_Description of the task_. A picture should never appear in your copy. Transcribe the listing exactly from its first line through the line with "Foil Mosaic Plaque", both ends included.

_Data segment_.
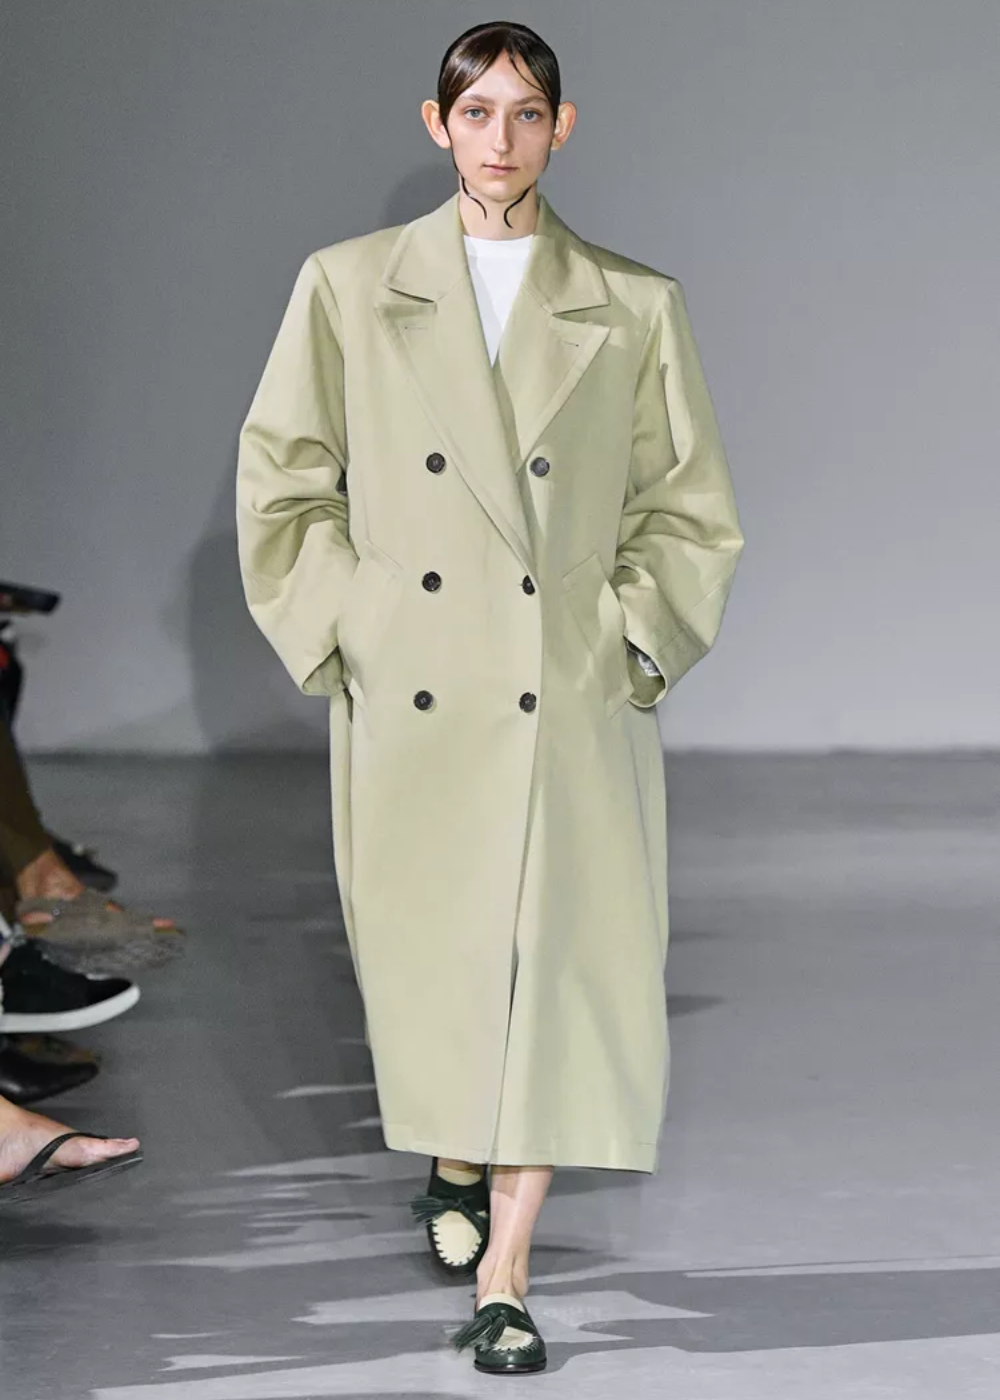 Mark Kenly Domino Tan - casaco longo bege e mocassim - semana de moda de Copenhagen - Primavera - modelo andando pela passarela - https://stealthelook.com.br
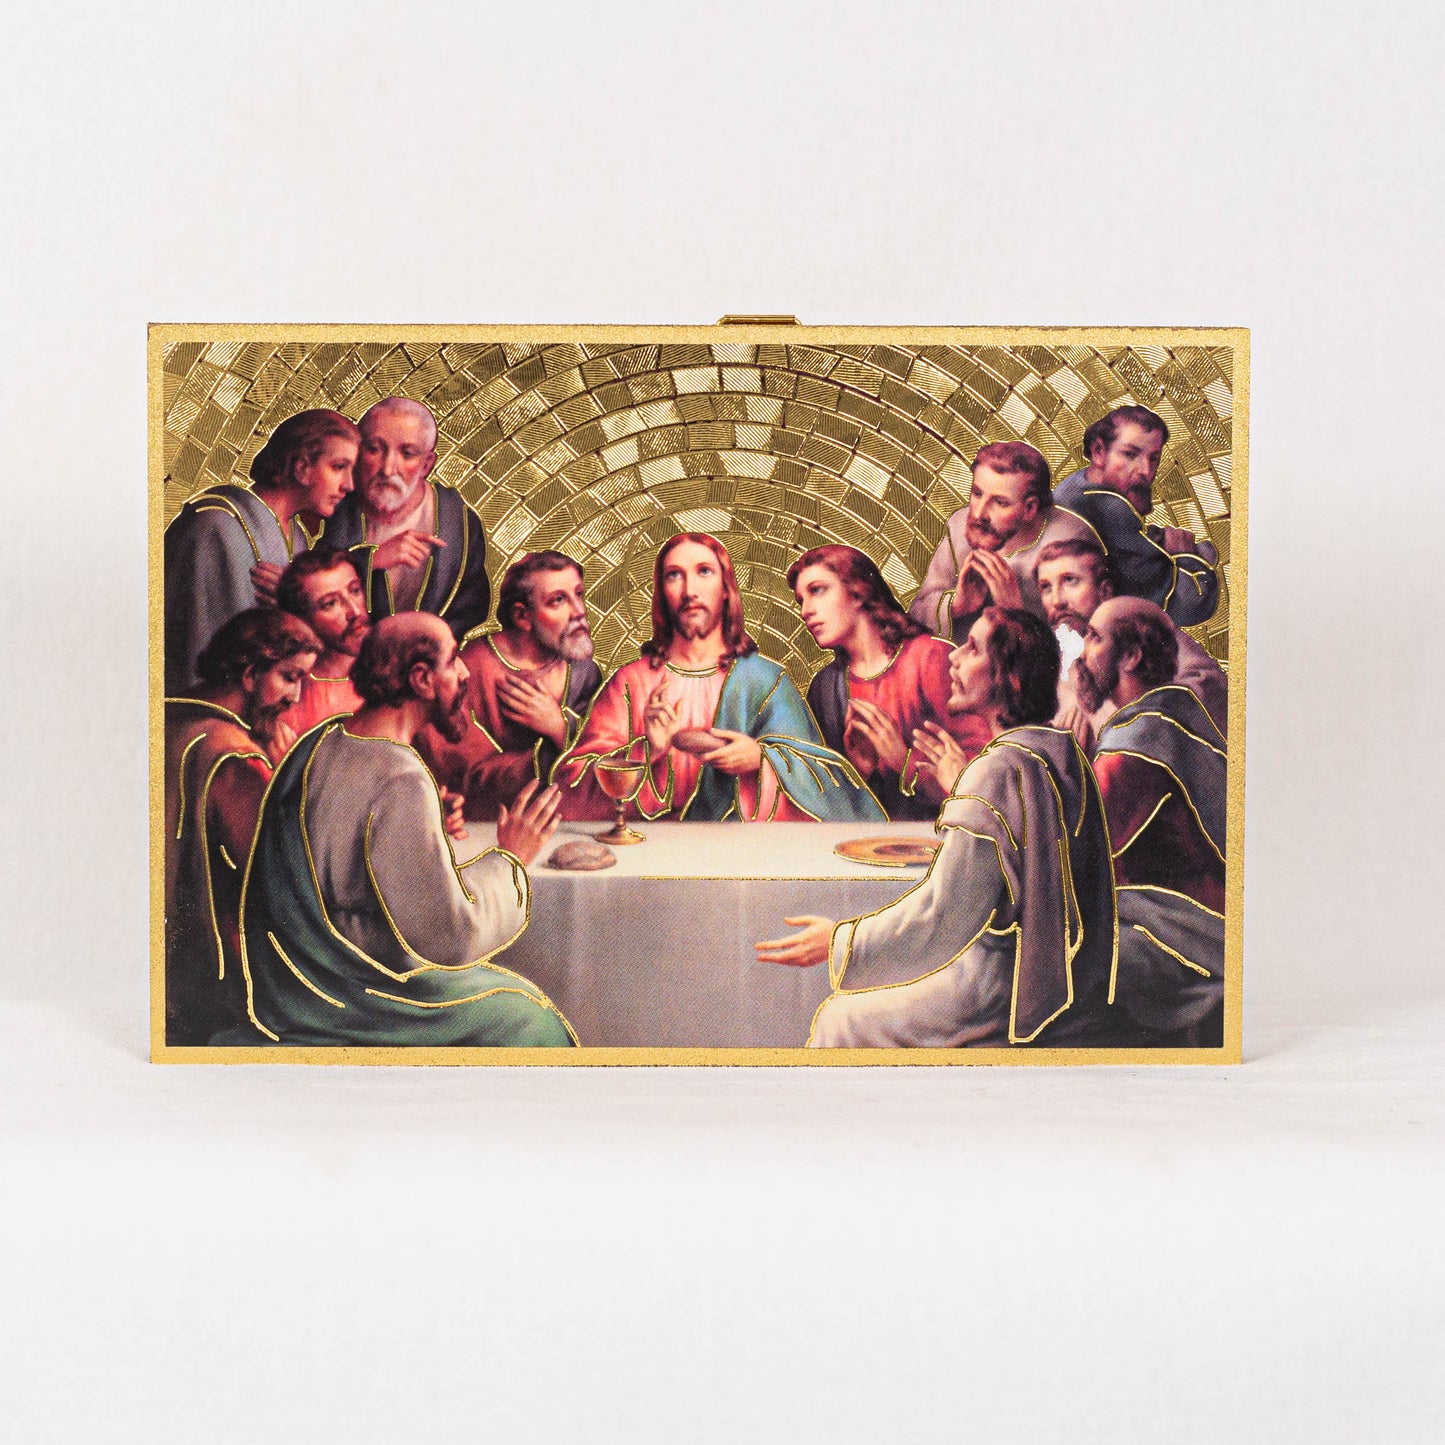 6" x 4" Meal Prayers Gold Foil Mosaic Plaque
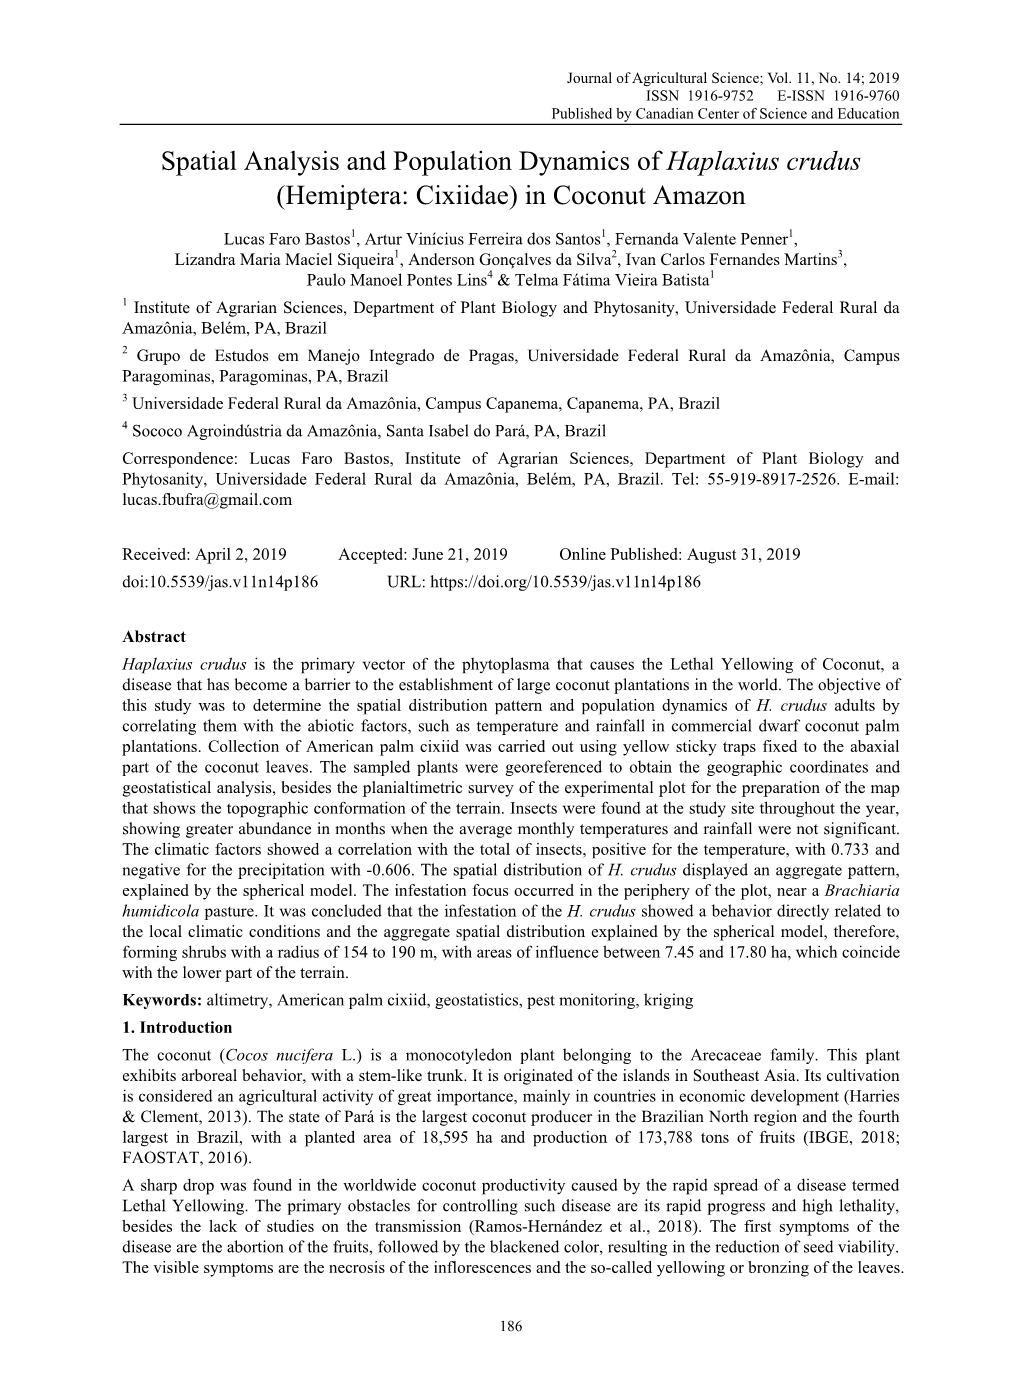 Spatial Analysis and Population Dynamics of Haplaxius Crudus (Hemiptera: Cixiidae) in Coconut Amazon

_Task output_.
 Mark Kenly Domino Tan - casaco longo bege e mocassim - semana de moda de Copenhagen - Primavera - modelo andando pela passarela - https://stealthelook.com.br
 6" x 4" Meal Prayers Gold Foil Mosaic Plaque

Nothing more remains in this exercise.